A study advocating an internationally monitored plebiscite to decide the political future of Taiwan appeared this week on an Oxford University Web site.
“Unlike in bygone eras, international law no longer conceives of territories as mere pieces of property to be traded or conquered,” the study says.
Written by New York Law School professor Chen Lung-chu (陳隆志), the study says that human beings “are properly held to be at the center of international law.”
The study comes as Chinese Nationalist Party (KMT) Chairman and New Taipei City Mayor Eric Chu (朱立倫) prepares for talks next week with Chinese President and Chinese Communist Party General Secretary Xi Jinping (習近平).

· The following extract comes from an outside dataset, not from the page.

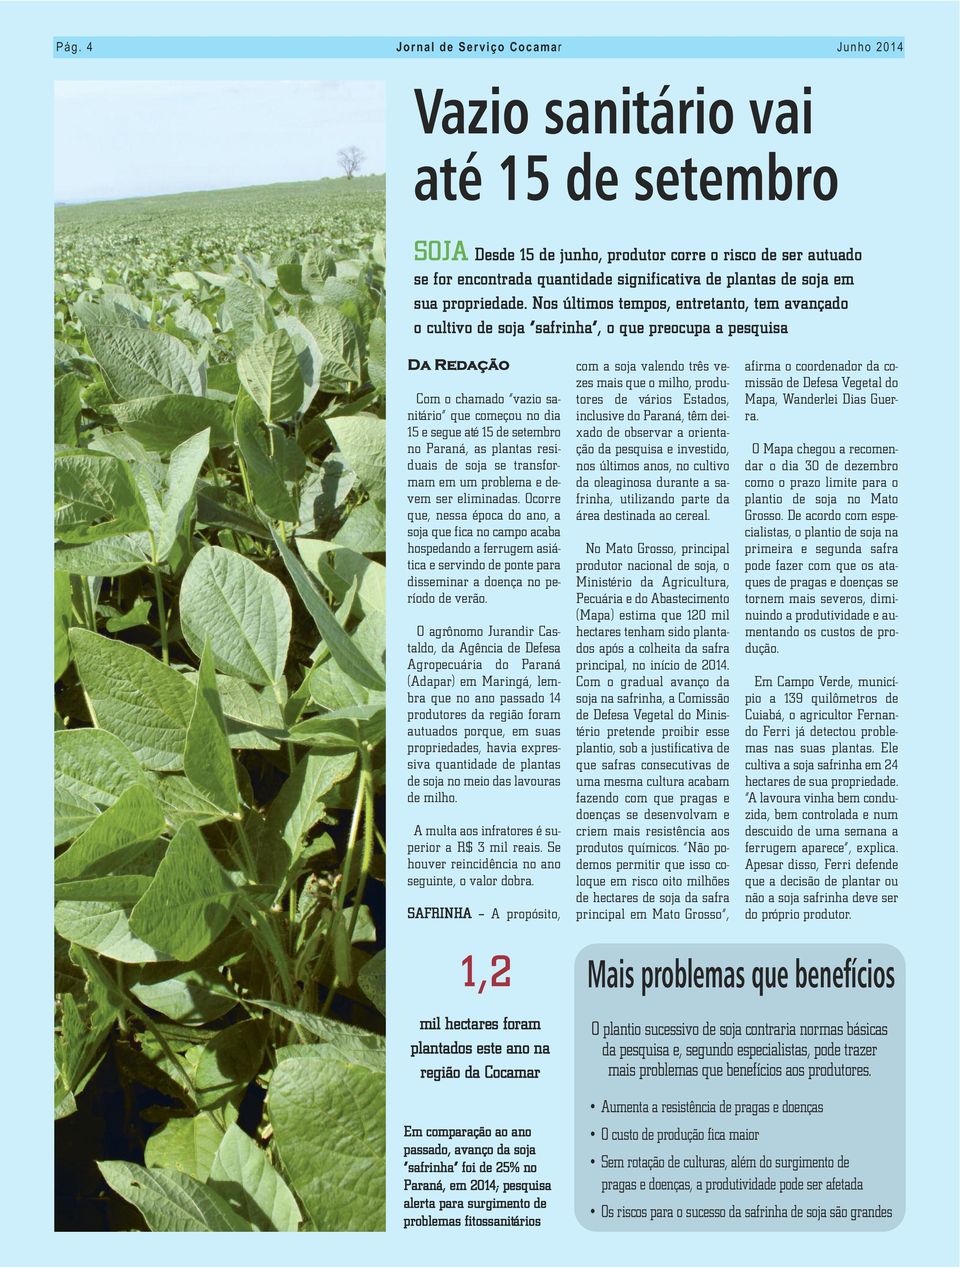 Nos últimos tempos, entretanto, tem avançado o cultivo de soja safrinha, o que preocupa a pesquisa Da Redação Com o chamado vazio sanitário que começou no dia 15 e segue até 15 de setembro no Paraná,

The idea of a plebiscite to decide the future of Taiwan is anathema to Beijing and a development that could lead to a military attack.
However, Chen argues that Taiwanese have the right to determine their own future.
“The inhabitants of a disputed territory, through collective effort, can develop their distinctive political, economic, social and cultural system,” he said. “This is effective self-determination — self-determination in action. When the international legal status of a territory is in dispute, an internationally monitored plebiscite provides the ideal means of resolving the dispute peacefully.”
Chen’s study appeared under the international law section of the University of Oxford Press Web site.
Asked to comment on the Xi-Chu meeting, the US Department of State said last week that the US encourages Taiwan and China to continue their dialogue.
“We encourage authorities in Beijing and Taipei to continue their constructive dialogue, which has led to significant improvements in the cross-strait relationship,” a spokesperson said.
Polls show that a majority of Taiwanese prefer independence to unification with China.
In the past, the US Department of State has discouraged the idea of a plebiscite for fear that it might trigger Chinese military action.
“In a world of increasing globalization and interdependence, we see a gradual expansion in identifications — more and more, members of the world community identify with the most inclusive community of humankind and a deepening perception of shared humanity,” the study says. “Genuine protection and fulfillment of human dignity values... will be possible only when individuals are enabled to be effective, active, equal participants at different community levels and in different social settings.”
It says that the past 30 years have witnessed a profound and persistent movement of democratization — and Taiwanization — that runs counter to China’s “unfounded claims over the island.”
“Under present conditions, Taiwan’s statehood is best understood in the context of an ongoing process of evolution propelled by the desire and action of the Taiwanese people for self-determination and democracy,” the study says.